Feb 10 — last backup BEFORE upgrade (PVE 8 / QEMU 9.2 / Ceph 18):
Start: 2026-02-10T11:00:05 End: 2026-02-10T13:20:22 → 2h 20m ✓

Upgrade on Feb 11: Ceph 18→19 at 14:15, QEMU 9.2→10.1 + PVE 8→9 at 15:55

Feb 11 — first backup AFTER upgrade, started 90 minutes later:
Start: 2026-02-11T17:27:59 End: 2026-02-12T02:06:48 → 8h 39m ✗

Both backups show 99% deduplication — identical data volume.


KEY OBSERVATION
During backup, vzdump reads the 6TB disk at a consistent 100-135 MB/s.
Direct rbd bench on the same volume: 780 MiB/s (16 threads, 4MB blocks).
That is a 5-6x gap between raw Ceph read speed and the backup pipeline.


WHAT I HAVE RULED OUT
- PBS kernel 6.17.2 TCP regression: running 6.17.13, not affected
- Network: bond0 is 20 Gbps, iperf confirms full speed
- Ceph health: HEALTH_OK, all 12 OSDs up
- PG distribution: well balanced, ~28 PGs primary per HDD OSD
- mclock miscalibration: 3 OSDs had low osd_mclock_max_capacity_iops_hdd (239-286), corrected to 478 — no effect on backup speed
- osd.6 missing NVMe DB/WAL: fixed via ceph-bluestore-tool bluefs-bdev-migrate — no effect on backup speed
- detect_zeroes=off on scsi1: tested, no change
- Fleecing disabled: tested without --fleecing, no change
- rbd_cache=false: tested, no change
- rbd_read_from_replica_policy: already 'default'

The 5-6x gap between rbd bench (780 MB/s) and vzdump read speed (120 MB/s), appearing immediately after the upgrade, might suggest a regression in the QEMU backup block job or libproxmox-backup-qemu in QEMU 10.x / PVE 9.x ?

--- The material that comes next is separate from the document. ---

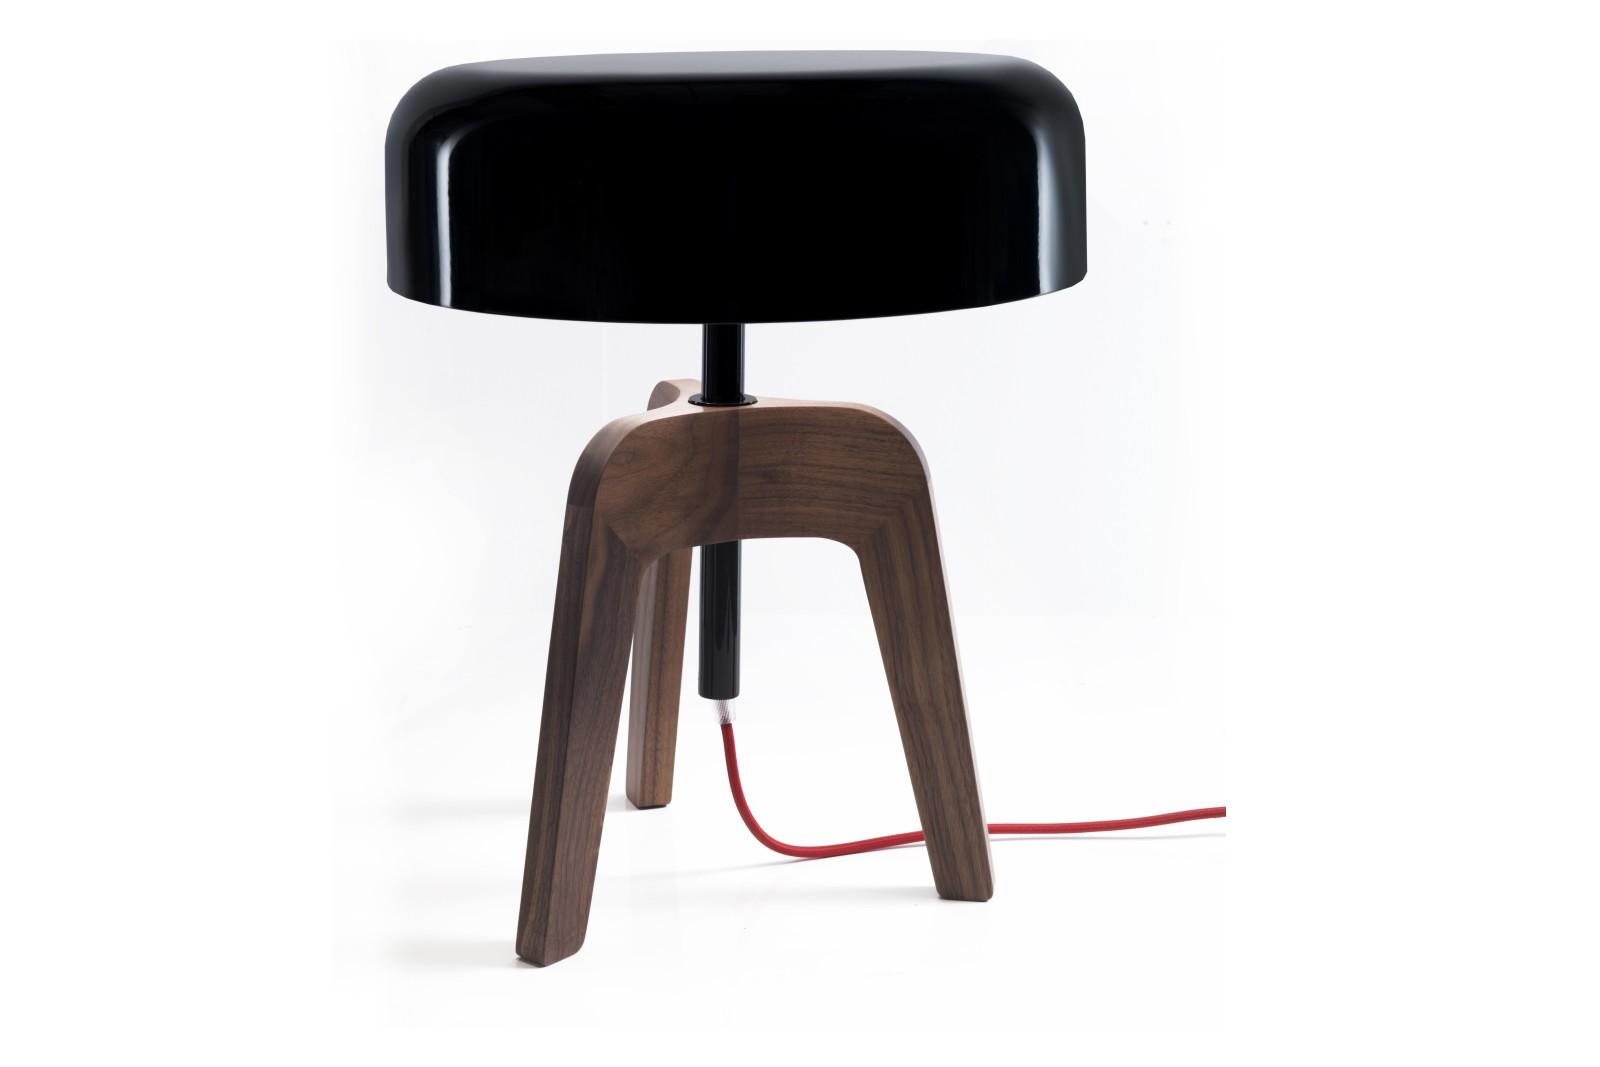 Pileo Table Lamp Black Ral 9005, Canaletta Walnut
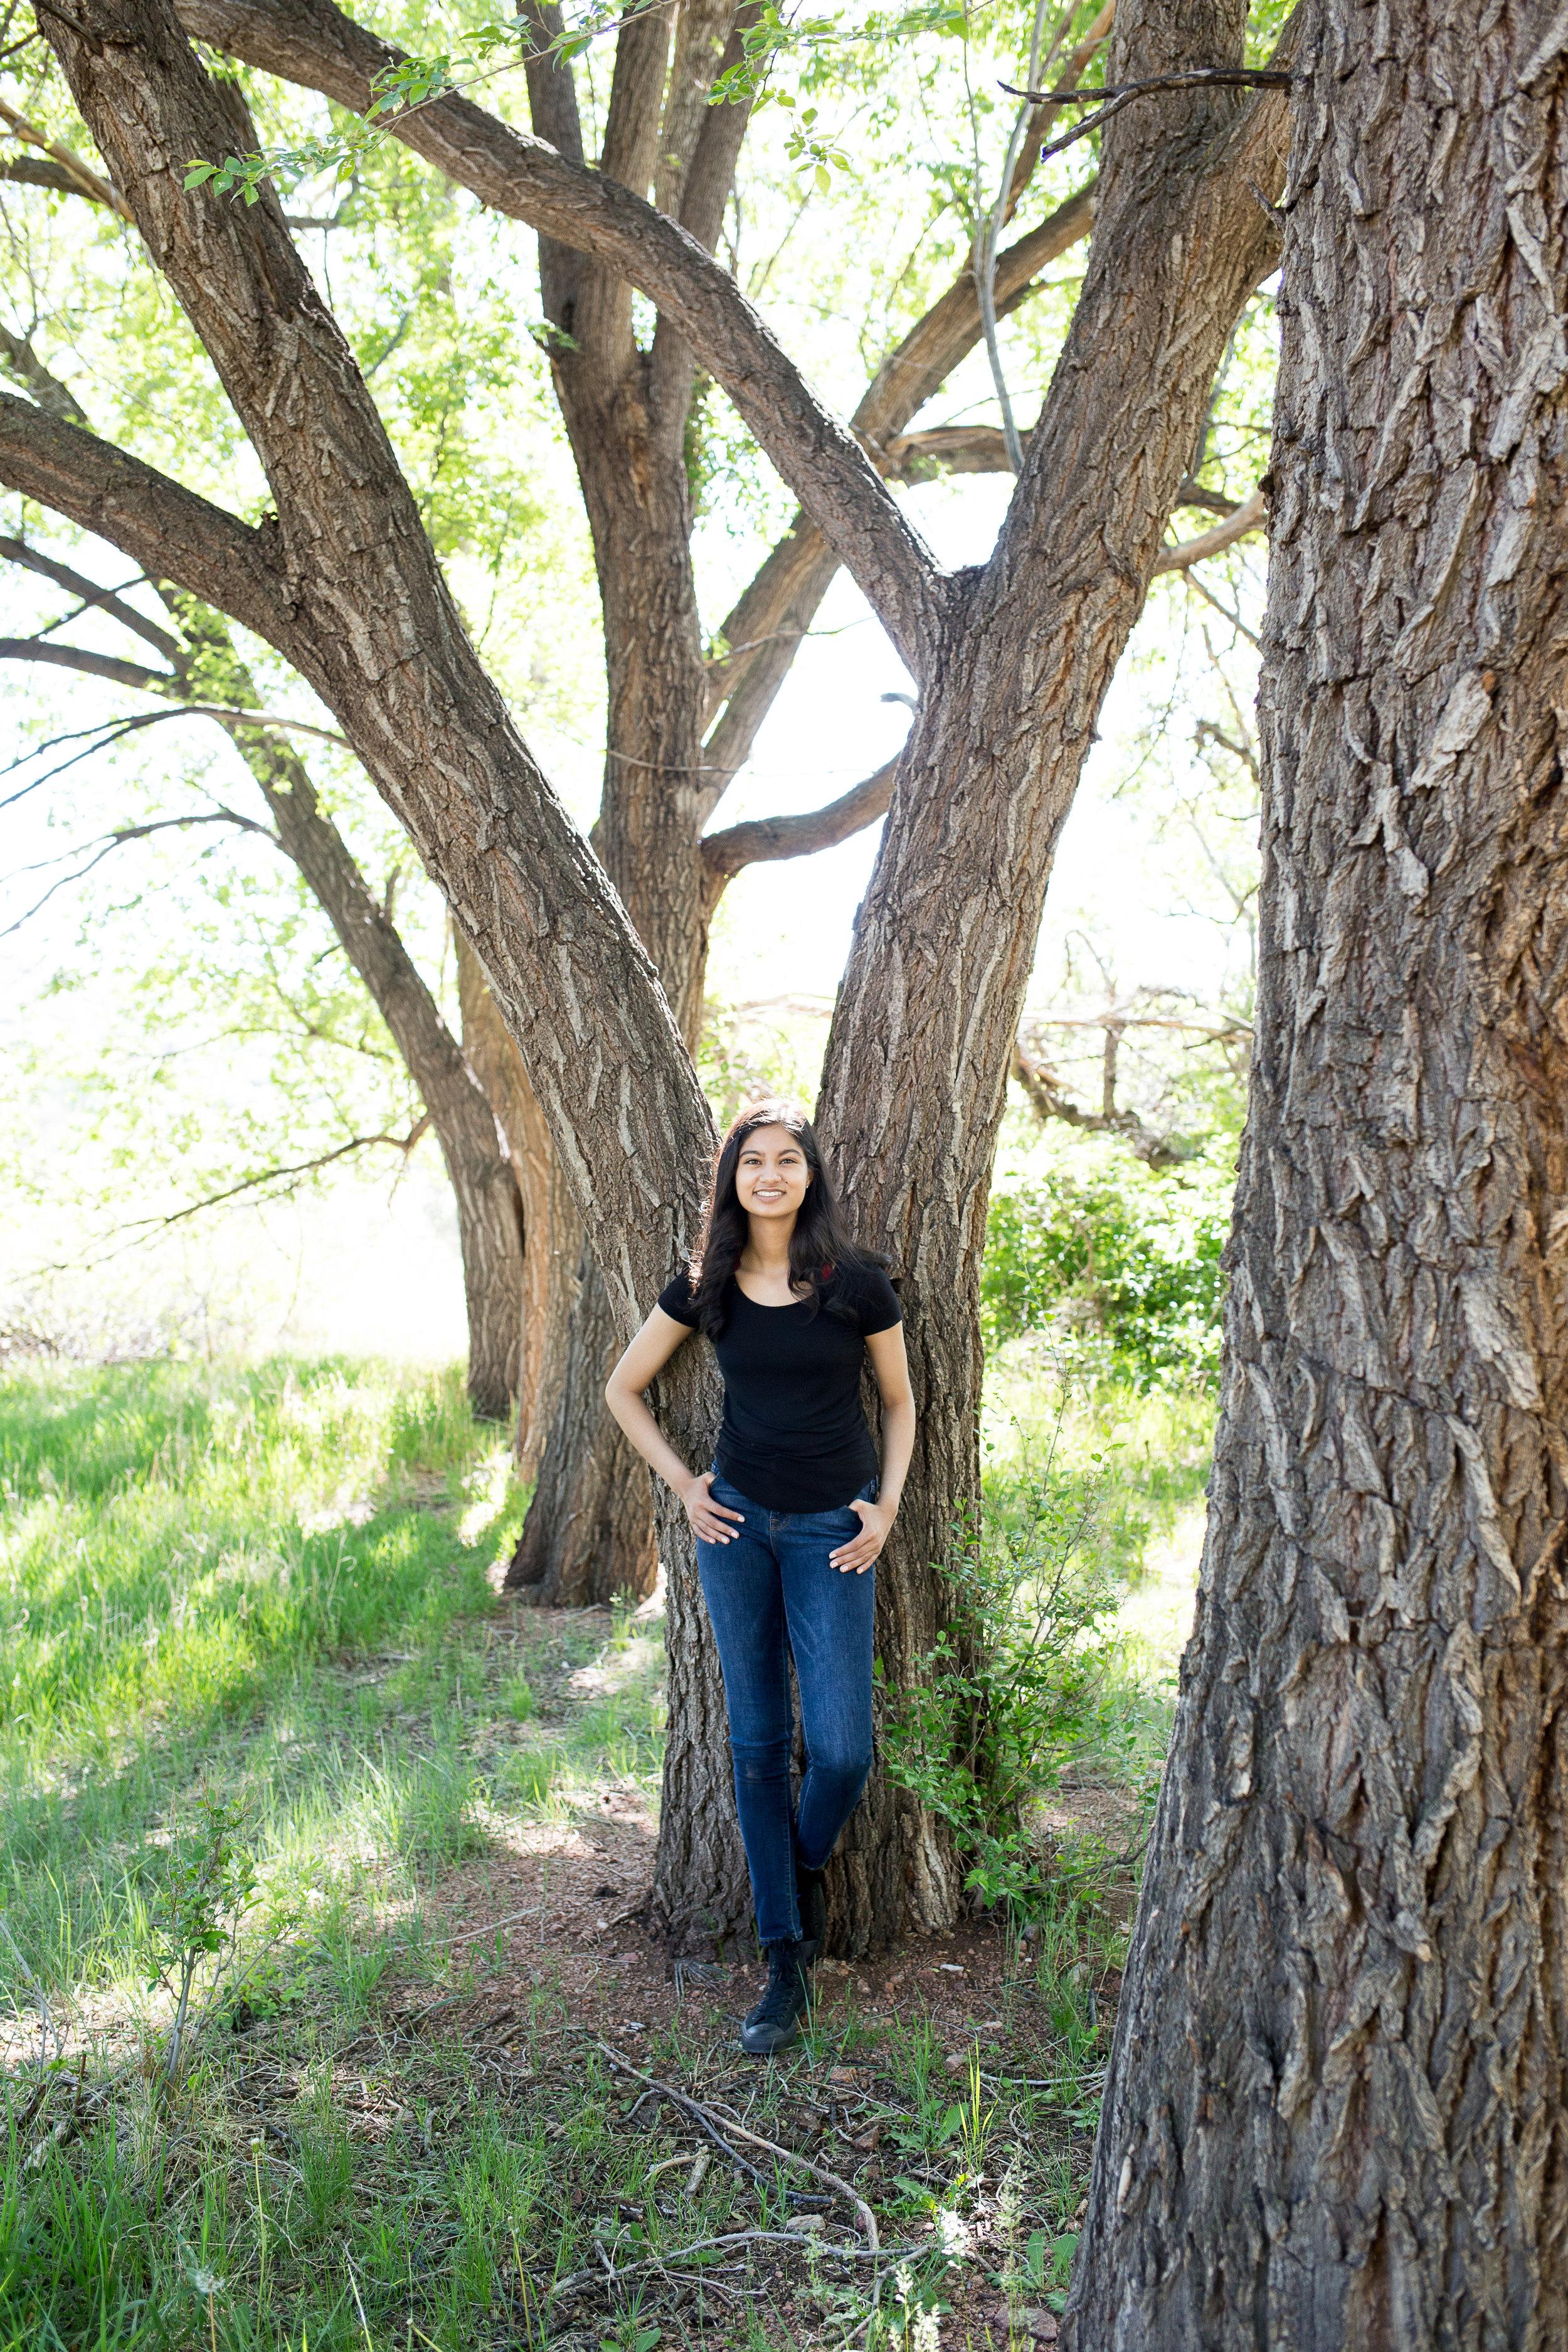 Colorado Springs Senior Photographer | Stacy Carosa Photography | Rock Ledge Ranch Senior Session | Colorado Springs Senior Portraits

Has anyone else seen this? Any suggestions welcome.
 

Attachments

Hi,

Thank you for the output!

Could you please share the output of `pveversion -v` from Proxmox VE and the output of `proxmox-backup-manager versions --verbose` from the Proxmox Backup Server, and the storage config i.e., `/etc/pve/storage.cfg` from PVE side?

Have you tried to boot from the older kernel on the PBS or PVE?
All VMs have slow backup or only the VMs who stored on Ceph?
How about the restore?
 
Hi Moayad, thanks for your reply. Below the requested data plus two controlled tests that strongly narrow down the issue.

1. Versions (current state)

PVE cluster nodes (ren6 / ren7 / ren9):
  • pve-manager: 9.1.7, pve-qemu-kvm: 10.1.2-7, qemu-server: 9.1.6
  • libproxmox-backup-qemu0: 2.0.2, proxmox-backup-client: 4.1.5-1
  • kernel 6.17.13-2-pve, Ceph 19.2.3

Standalone PVE node (ren01, isolated, hosts only the firewall VM):
  • pve-manager: 9.1.9, pve-qemu-kvm: 10.1.2-7, qemu-server: 9.1.8
  • libproxmox-backup-qemu0: 2.0.2, proxmox-backup-client: 4.1.5-1
  • kernel 6.17.13-2-pve, storage = local LVM-thin (no Ceph)

PBS server (ren2):
  • proxmox-backup-server: 4.1.7 (4.1.10-1 installed, running 4.1.7), kernel 6.17.13-3-pve
  • Datastore: ZFS mirror with SLOG and special device

2. Older PVE kernel test (already done)

Installed proxmox-kernel-6.5.13-6-pve-signed and proxmox-kernel-6.8.12-15-pve-signed and rebooted cluster nodes onto them. Backup speed of VM 162 (Ceph RBD) did not change — same ~100-135 MiB/s, same ~9h total. Removed those kernels two weeks ago.

PBS-side kernel rollback: not yet tested. Can do this if you think it's worth it (PBS still has 6.8.12-9 installed).

3. All VMs on Ceph are slow, VM on LVM-thin is fast — controlled test

Code:
VM                  Storage              Mode      Bitmap         Read speed
------------------- -------------------- --------- -------------- ------------------
VM 162 (omv6, 6T)   Ceph RBD ceph6+nvme  snapshot  created new    100-135 MiB/s
VM 161 (deb6, 40G)  Ceph RBD             snapshot  created new    same range
VM 101 (pfsense)    local-lvm (LVM-thin) snapshot  created new    390 MiB/s avg
                    [32G]                                          (450 peak)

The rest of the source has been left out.